不行。DX接口是COM接口,这意味着高版本的接口不是从低版本接口上派生得到。使用不同版本接口唯一安全的办法是使用该接口QueryInterface函数。这个函数是标准IUnknown接口的一部分,所有的COM接口都从IUnknown派生。
Can I mix the use of DirectX 9 components and DirectX 8 or earlier components within the same application?
我能够在相同的程序中混合使用DX9组件和DX8(或者更早版本的)组件吗?
You can freely mix different components of differing version; for example, you could use DirectInput 8 with Direct3D 9 in the same application. However, you generally cannot mix different versions of the same component within the same application; for example, you cannot mix DirectDraw 7 with Direct3D 9 (since these are effectively the same component as DirectDraw has been subsumed into Direct3D as of DirectX 8). There are exceptions, however, such as the use of Direct3D 9 and Direct3D 10 together in the same application, which is allowed.

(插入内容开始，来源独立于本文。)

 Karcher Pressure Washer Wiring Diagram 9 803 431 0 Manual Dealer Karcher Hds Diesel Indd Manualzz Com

你能够自由混合使用不同版本的DX组件。举个例子说,你能够在同一个程序中使用DirectInput8和D3D9。当然,你不能在同一程序中使用不同版本的相同组件。比如你不能混合使用DirectDraw7和Direct3D9(因为DirectDraw从DirectX8起成为Direct3D的一部分)。当然也有例外,比如在程序中允许同时使用Direct3D9和Direct3D10。
Can I mix the use of Direct3D 9 and Direct3D 10 within the same application?

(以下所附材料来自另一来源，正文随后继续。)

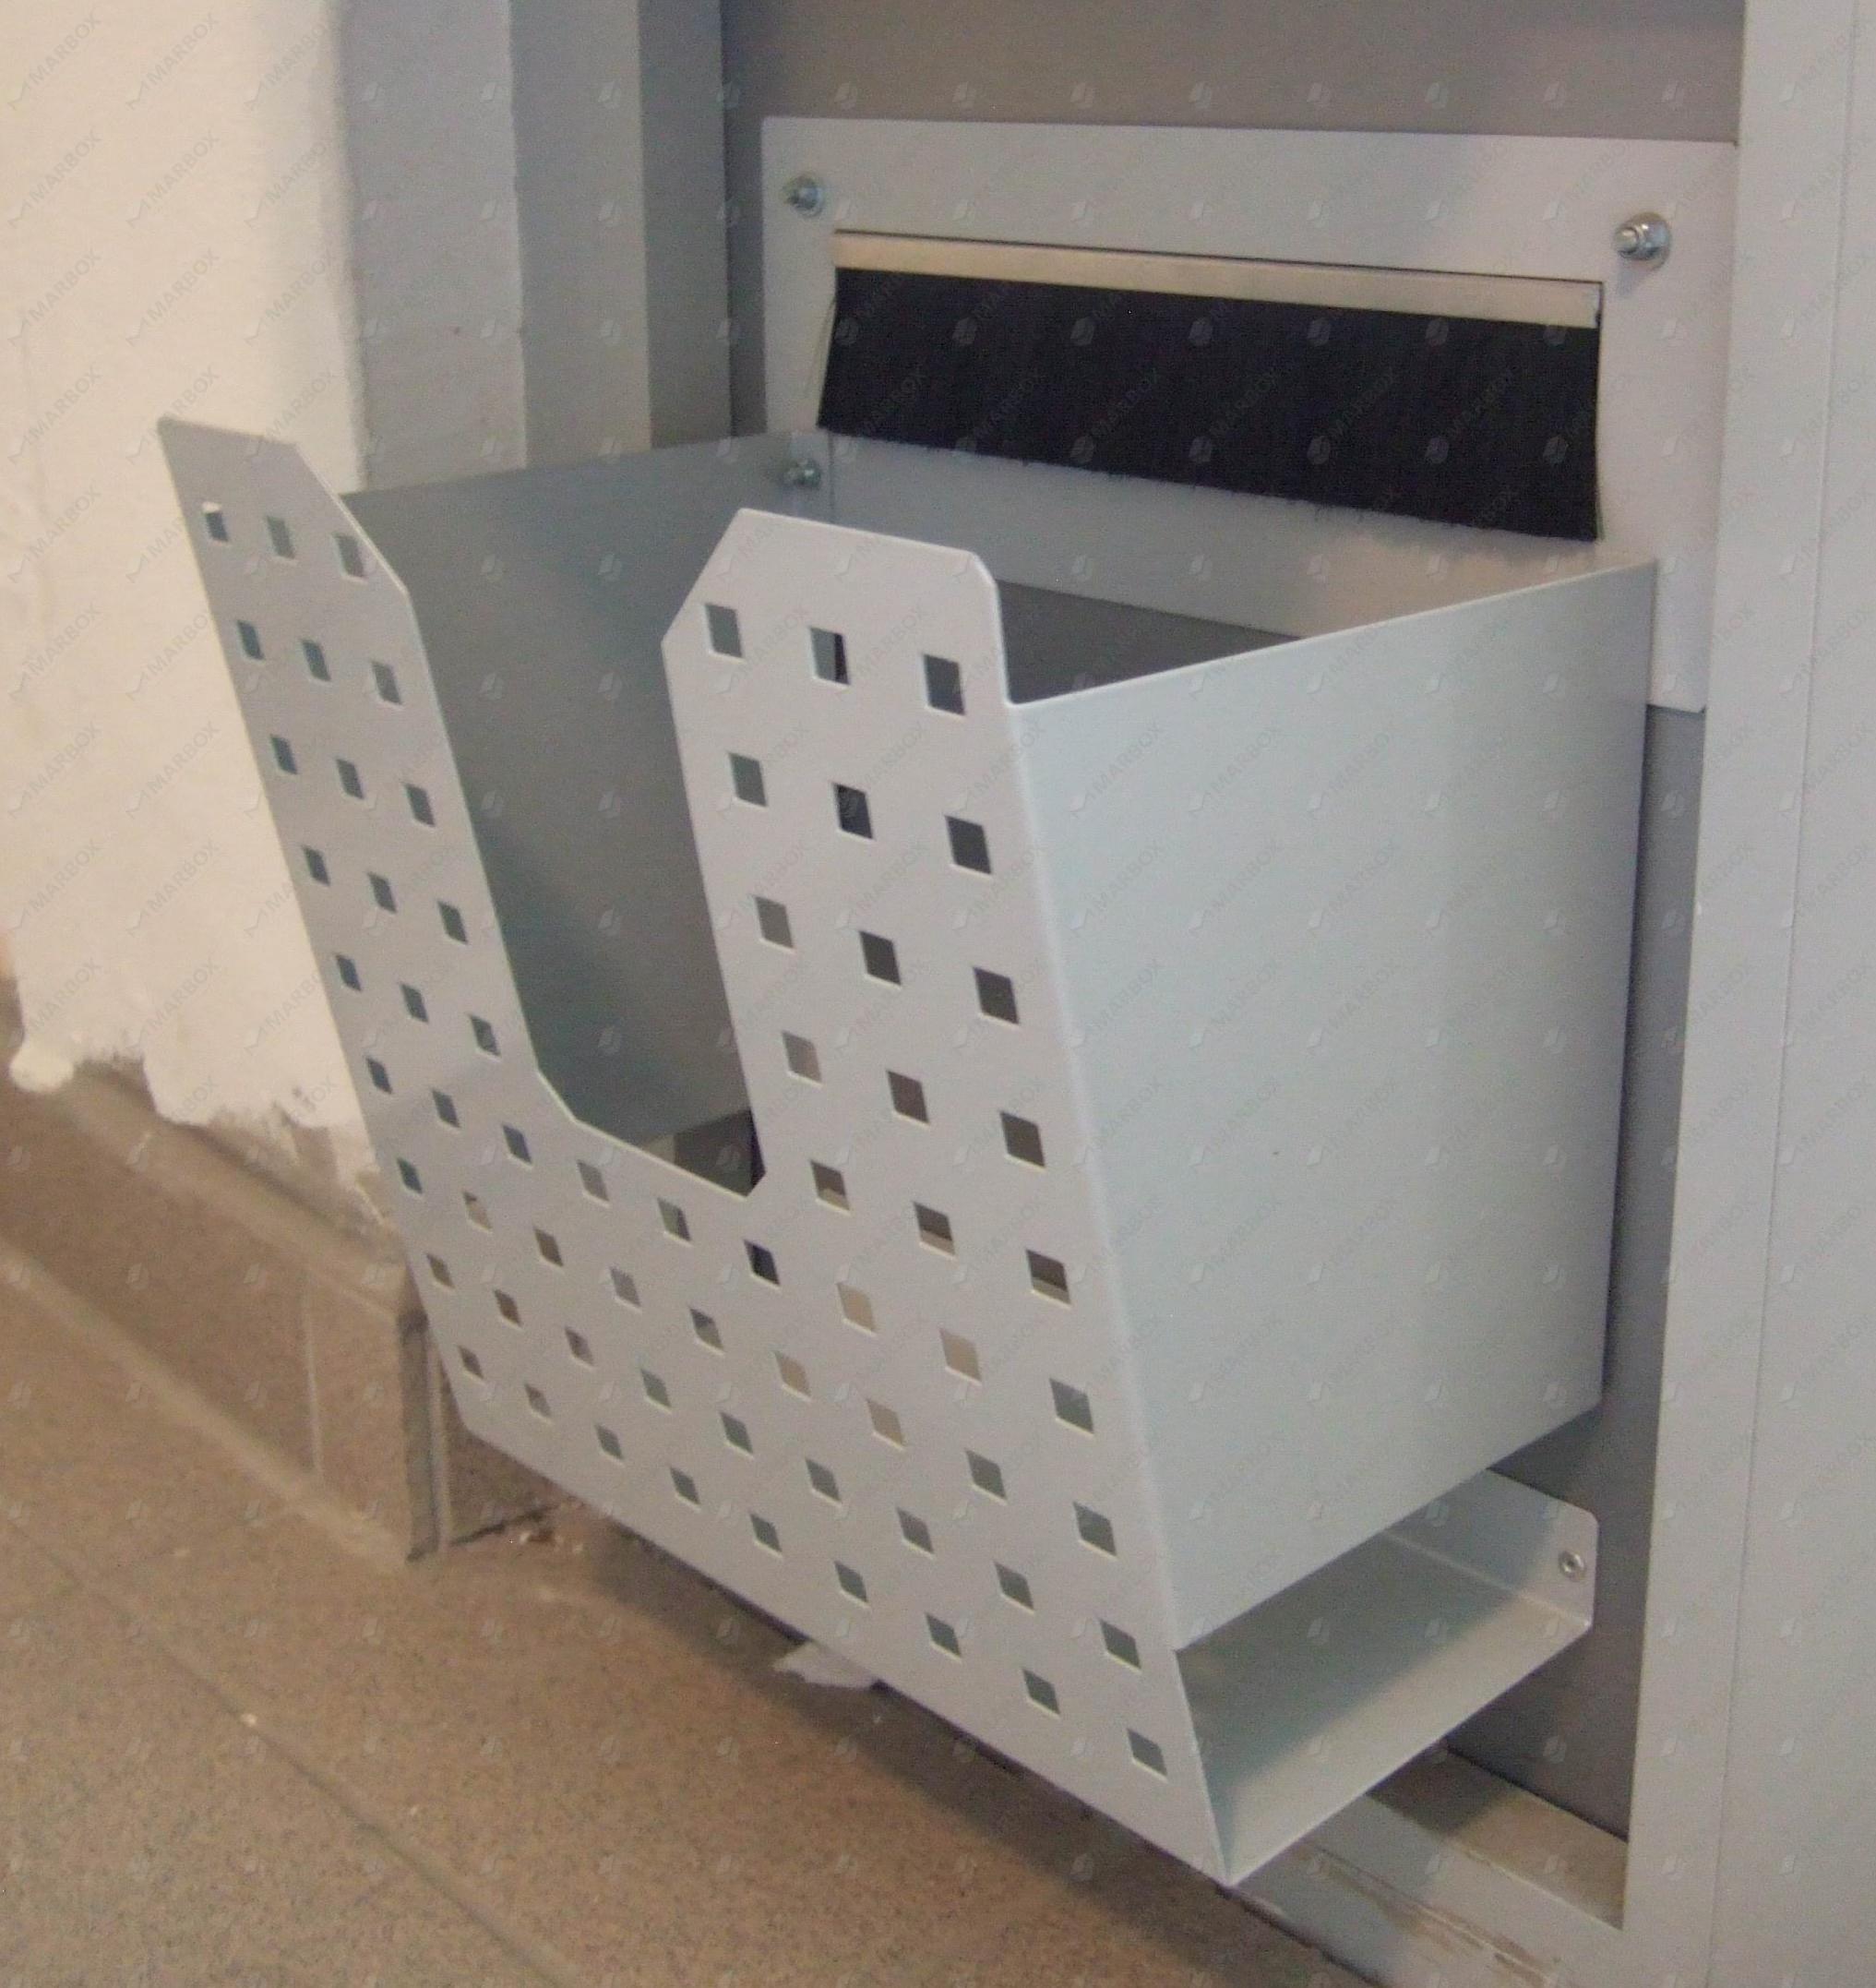 doplnky k poštovým schránkam: koše na letáky

我能够在同一程序中混合使用Direct3D9和Direct3D10吗?
Yes, you may use these versions of Direct3D together in the same application.
是的,猪头,我刚才说过了。
What do the return values from the Release or AddRef methods mean?
Release函数和AddRef函数的返回值是什么意思?
The return value will be the current reference count of the object. However, the COM specification states that you should not rely on this and the value is generally only available for debugging purposes. The values you observe may be unexpected since various other system objects may be holding references to the DirectX objects you create. For this reason, you should not write code that repeatedly calls Release until the reference count is zero, as the object may then be freed even though another component may still be referencing it.
返回值是当前对象的reference数量。当然,COM组件定义中说你不需要用到它,这个值通常用作调试。你看到的值可能不是你所期望的,因为大量的其他系统对象会保存你创建的DirectX对象的reference。因为如此,你不能在程序中重复调用Release()知道它的返回值为0,否则这个对象会被真正释放,而同时还有其他组件保存有它的reference(要使用它)。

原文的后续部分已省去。